I can only hope your dad acted that way due to complex trauma response, because it’s just not a normal way to act.

Your feelings are valid, you don’t need to be hanging out the bunting and crying tears of joy, it is enough to simply wish them well and let the feelings pass.

I would definitely recommend grief counselling for you both, it was a game changer for me. It’s never too late to deal with grief and trauma. Xx

Rainbow1901 · 26/04/2024 22:07

OP I get the feeling that you can't come to terms with how your Dad treated your Mum. By that, I mean how he was obviously quite controlling and aggressive towards her but also can't understand how he can treat his fiancee in such a different and apparently lovely way now. Can a leopard change his spots?
Obviously all relationships are managed differently depending on the people involved but I think I'd be tempted to be asking her if she is really happy with your Dad. If she responds - then you can voice your concerns about how you saw your parents relationship and would hate for history to repeat itself.
Your childhood does not sound like a very happy one but that could be because your parents were not in a good place in their relationship - they could have been unhappy a long time and unconsciously you may have been aware of this long before your Mum became ill and then guilt may have set in because there would be no chance for either of them to change things for the better.
Grief is very personal thing - some people can move on and others get stuck - I think you and your sister are stuck because you can't get past your Dad's treatment of your Mum. Talking Therapies would certainly help you with this and you can refer yourself for free but how quickly you can begin depends on the area and the demands where you live. You do both need to move on and leave the bitterness behind before it spoils your future.
Your Dad embracing his fiancee's family over his own children suggests he is probably feeling very guilty over his treatment of your Mum and by displaying how 'happy' he is - is probably trying to engineer a rift so you and your sister appear to be responsible for any sour feelings leaving him to feel free of his guilt.
Getting to talk to someone who is completely impartial can be very enlightening and is really needed here for you both.

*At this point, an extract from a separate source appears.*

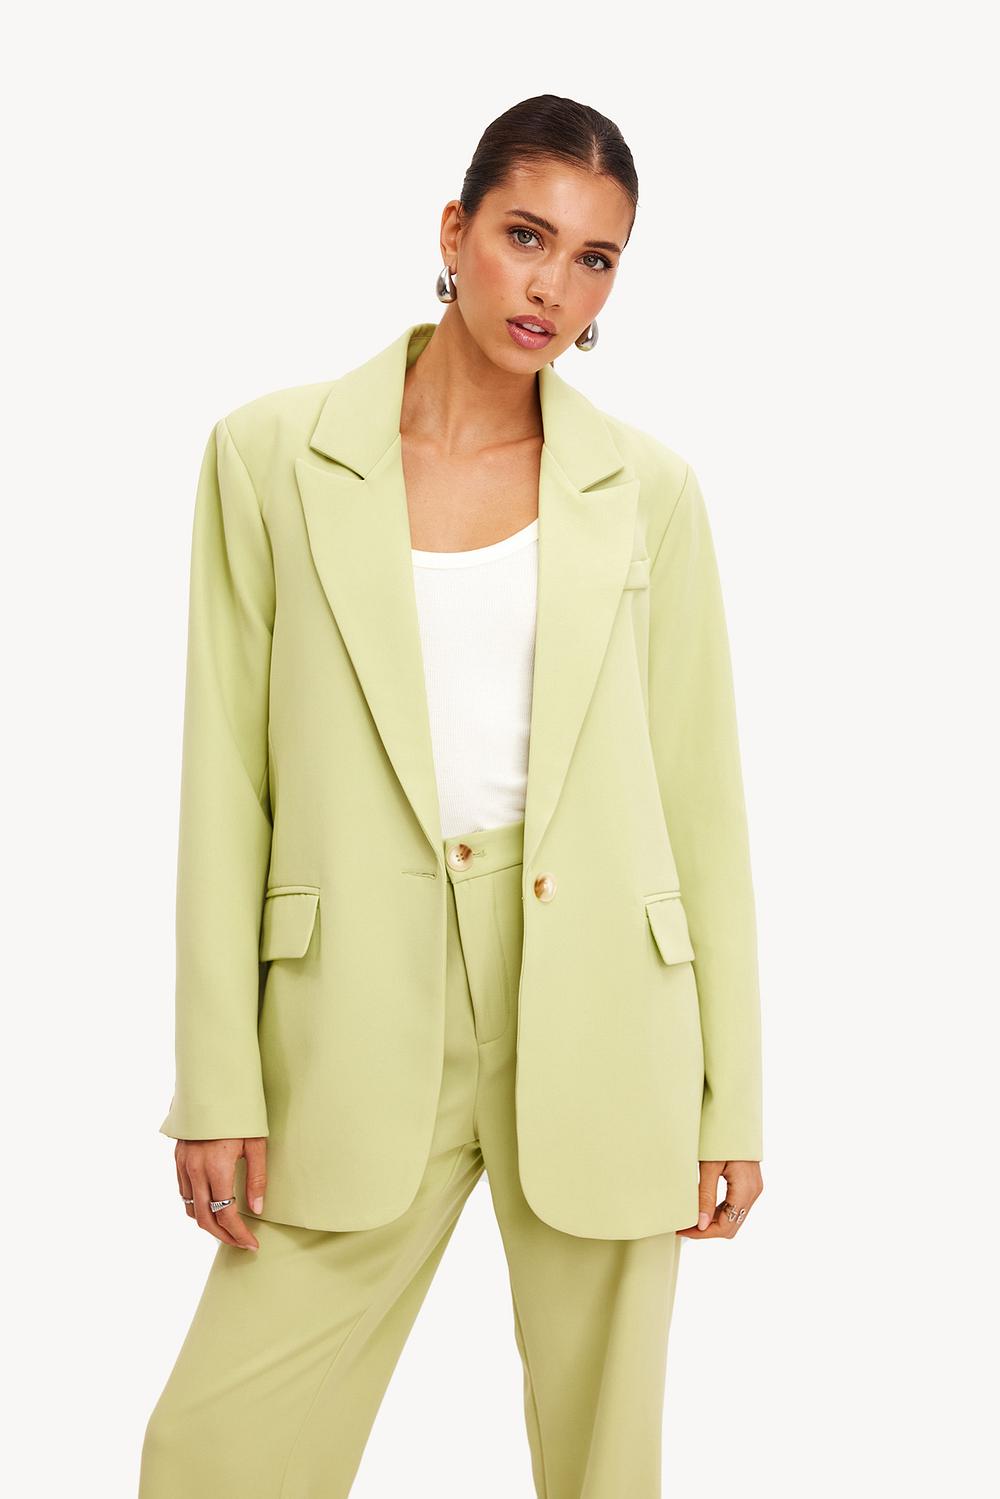 Mint green blazer

jannier · 26/04/2024 22:10

malificent7 · 26/04/2024 20:29

I know. I do accept them. But why can't I feel super happy? I get tired of them boasting about all the holidays and coffees when dsis and I run ourselves ragged.
I think I do need grief councelling though and my sister definately does.

What do you mean by run yourselves ragged? Is this in helping them out or by having to work to live?

mitogoshi · 26/04/2024 22:18

10 years on of course you are sad that your mum isn't alive but he's right, he should be able to move on and you fully accept it.

It seems he was fairly fast though you don't say how long your mum was ill - remember you often start to grieve after diagnosis so when you actually loose your loved one the process is different to a sudden death.

malificent7 · 26/04/2024 23:01

I think what is annoying is that even my daughter's friend knew about the engagement before I did! For example, I asked my dad how long ago he got engaged. He said a few weeks.
Dd said she knew before Christmas...as did her friend. Dad asked my dd to keep a secret from me because he was scared about my reaction. I gave always been very gracious about his relationship.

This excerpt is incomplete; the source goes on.